When your entire world-view is distorted by, in Toure's case, white bogeymen around every corner, your credibility is shot. Toure' is no more relevant in his analysis of any event or topic than the KKK's David Duke would be, if he were to have a media forum to spout his racist rhetoric.
Like fellow race-baiter Al "Notso" Sharpton, if there is any racial component to a story, Toure' is ready to exploit it for a political agenda, even if the story is a hoax. Like Al Sharpton and the Tawana Brawley hoax, Toure' too defended a so-called racist act, even after the facts came out, and the so-called "victim" admitted that she made up and staged the whole event.
In 1992, Emory University freshman Sabrina Collins alleged that vandals had attacked her dorm and written racist words on the walls. Like Sharpton came to Tawana Brawley's defense, Toure' stepped up for Miss Collins, protesting the attack. However, six months later Collins, like Brawley, admitted that the whole thing was a hoax. And like Al Sharpton, for Toure' the facts didn't, and don't matter. To this day, Toure still defends Collins' hoax.

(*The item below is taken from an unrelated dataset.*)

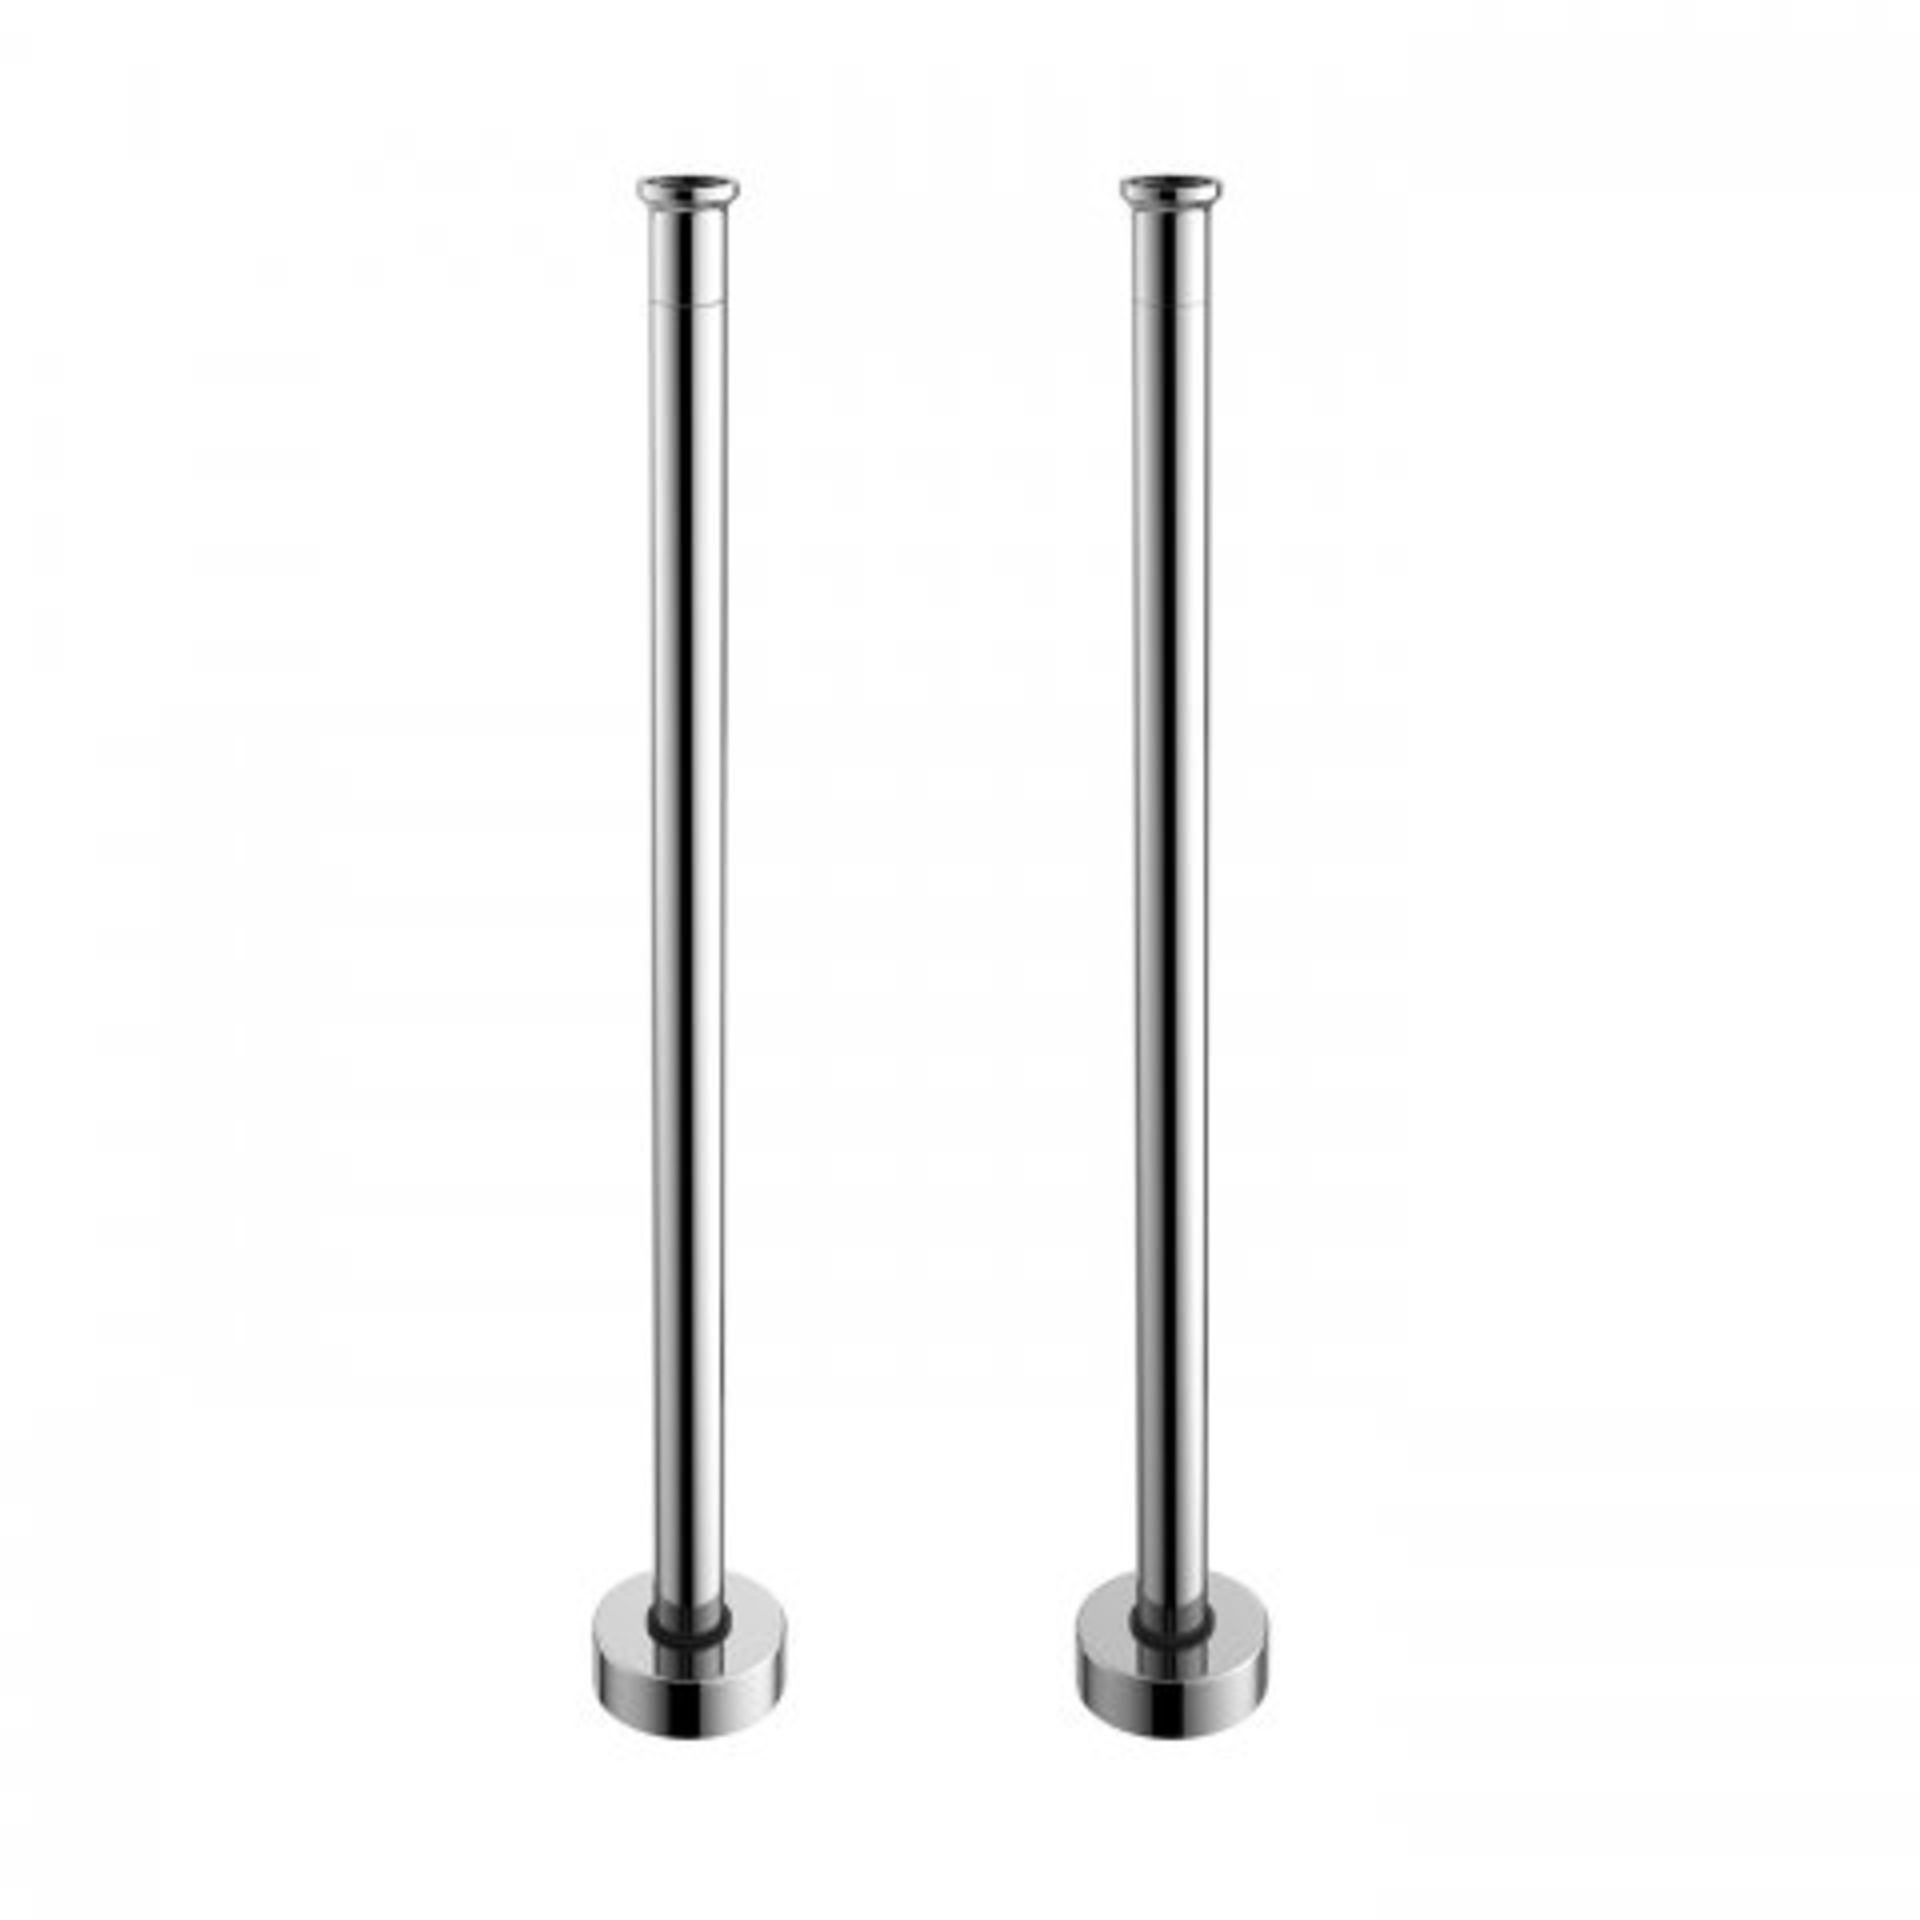 (I73) Two Standpipes for Freestanding Bath Taps RRP £94.99 These two standpipes are designed for use

He wrote in his paper, The Fire This Time, that “THE POSSIBILITY THAT COLLINS HERSELF PERPETRATED THE CRIME HAS SEEMED TO MINIMIZE THE INCIDENT’S IMPORTANCE. IN ANALYZING THE EVENT’S IMPORTANCE TO EMORY, IT IS NOT AT ALL IMPORTANT IF COLLINS DID IT.”

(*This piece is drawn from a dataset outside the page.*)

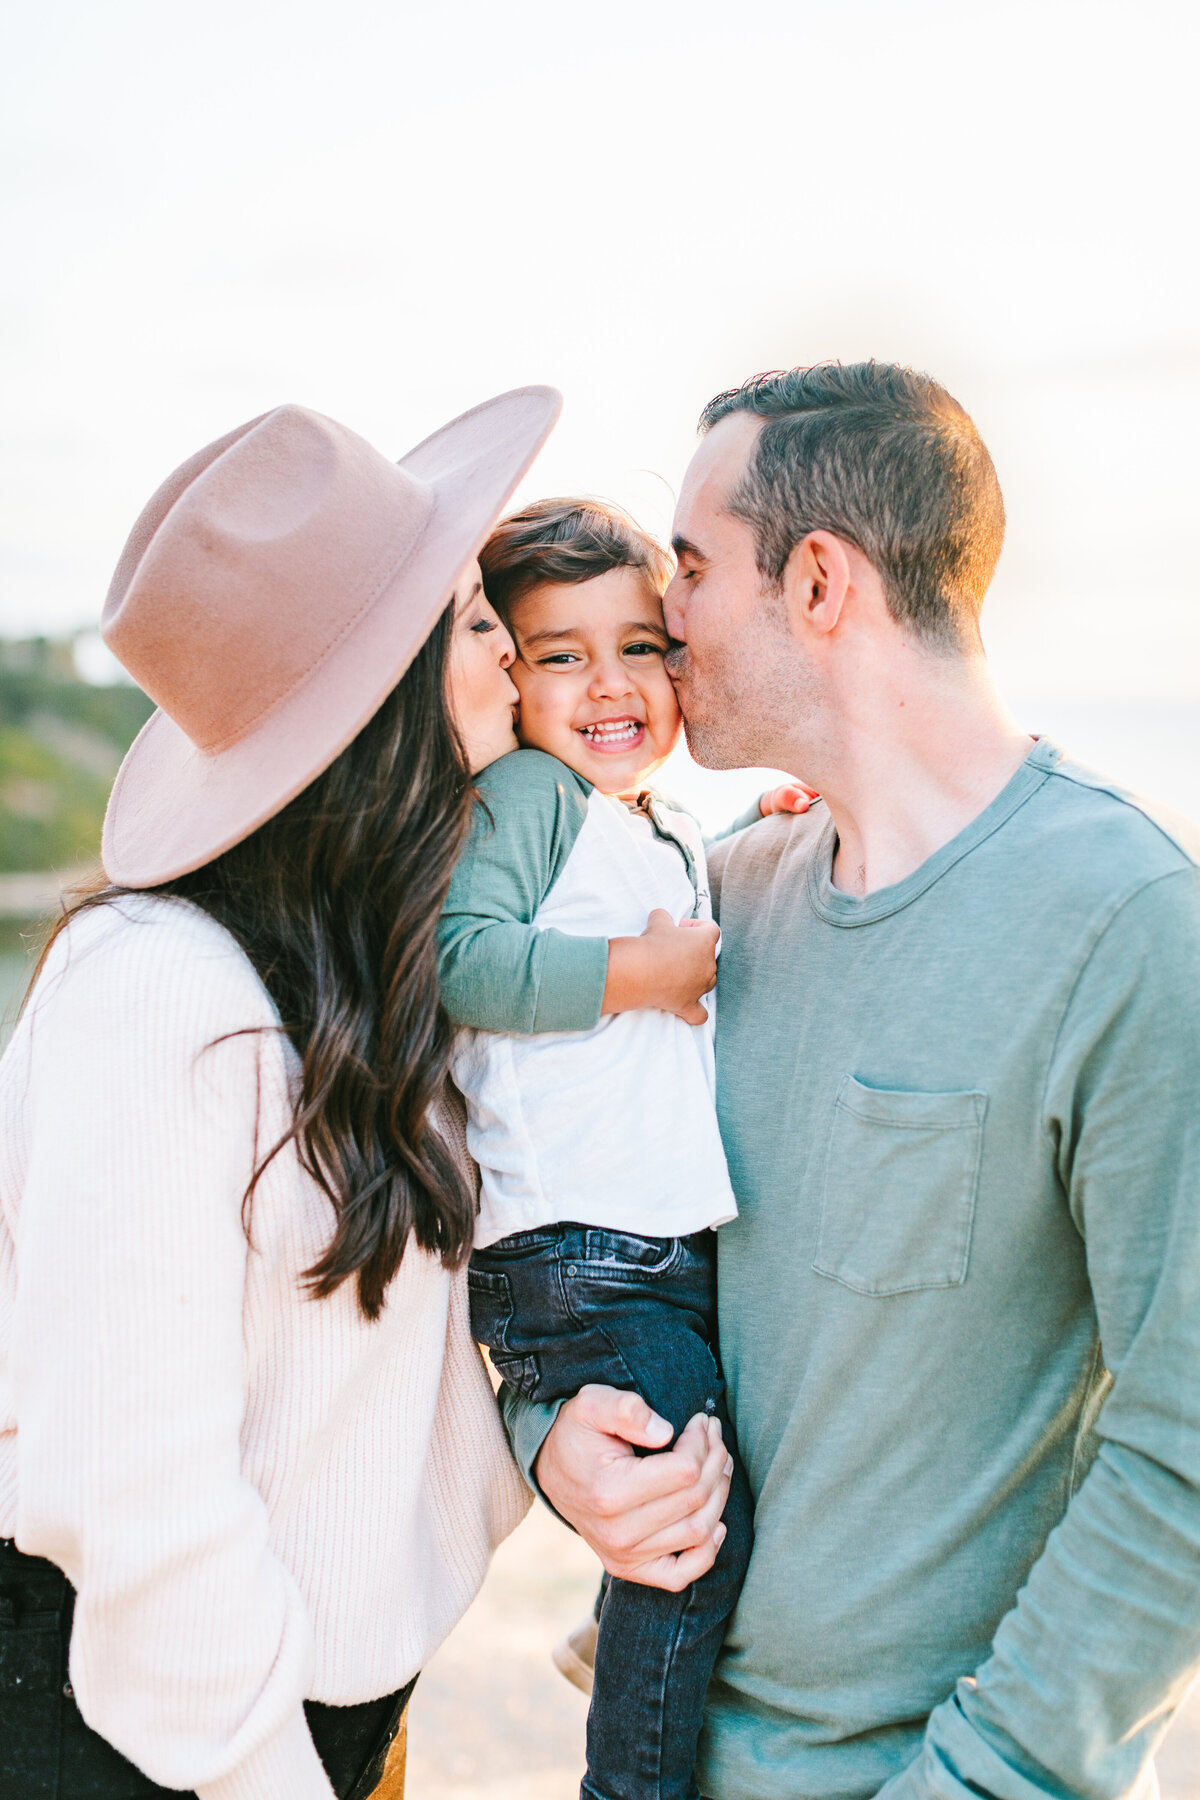 Best California and Texas Family Photographer-Jodee Debes Photography-28

Based on what I've seen of Toure's so-called analysis and rants on MSNBC, I'd say that little has changed in his worldview over the last 20+ years.
MSNBC’s Touré founded militant anti-white student paper
9:29 PM 04/09/2013
Charles C. Johnson and Ryan Girdusky
MSNBC host Touré founded a student newspaper dedicated to black liberation theology while he was a college student attending Emory University from 1989 to 1992. ]

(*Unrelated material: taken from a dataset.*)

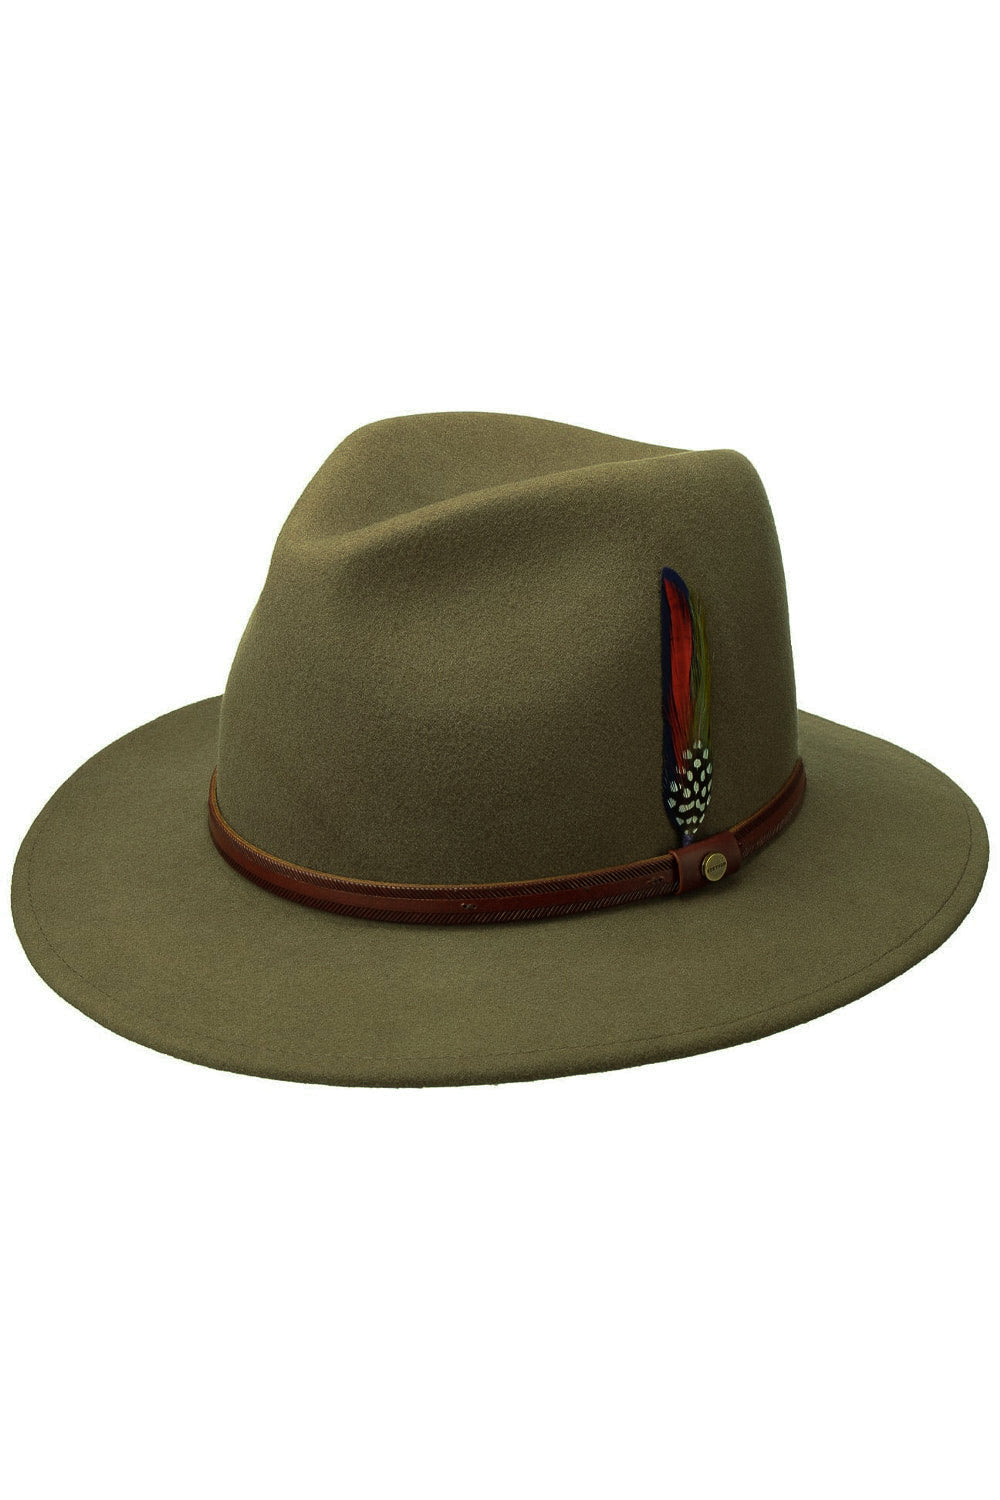 Buy the Stetson Rantoul Traveller Hat in Khaki at Intro. Spend £50 for free UK delivery. Official stockists. We ship worldwide.

Touré’s flagship publication, The Fire This Time, lavished praise on famous anti-Semites, black supremacists, and conspiracy theorists whom Touré helped bring to campus. Before he became an intense-but-sardonic TV personality, Touré also decried “the suffocating white community” and defended a nationally famous fake hate crime.
In an interview with The Daily Caller, Touré described the newspaper as “an important black voice on campus” and “a form of community building.”
The Fire This Time only solicited funds from blacks. “Kujichagulia means self-determination,” he wrote. “Economic kujichagulia is an essential part of any realistic program of African-American liberation. This is why we insist on being completely funded by African-Americans.”
The newspaper’s content – a mix of identity politics and post-modern flapdoodle – mark it as an item of its time. In one article entitled “My School, My School Is On Fire… Why EU [Emory University] Doesn’t Need Any Water,” Touré chronicled racial divisions at Emory University and repeatedly asked, “Why’d you go to a white school?” The author turned that rhetorical question into a rallying cry for black liberation: “At a White School like Emory there is a greater potential for higher consciousness and more activism within the black community than at a college,” Touré declared.
The youthful Touré did not consider whether attending a “white school” might provide educational opportunities, networking advantages, or job placement leads, though these are the reasons most people choose a college.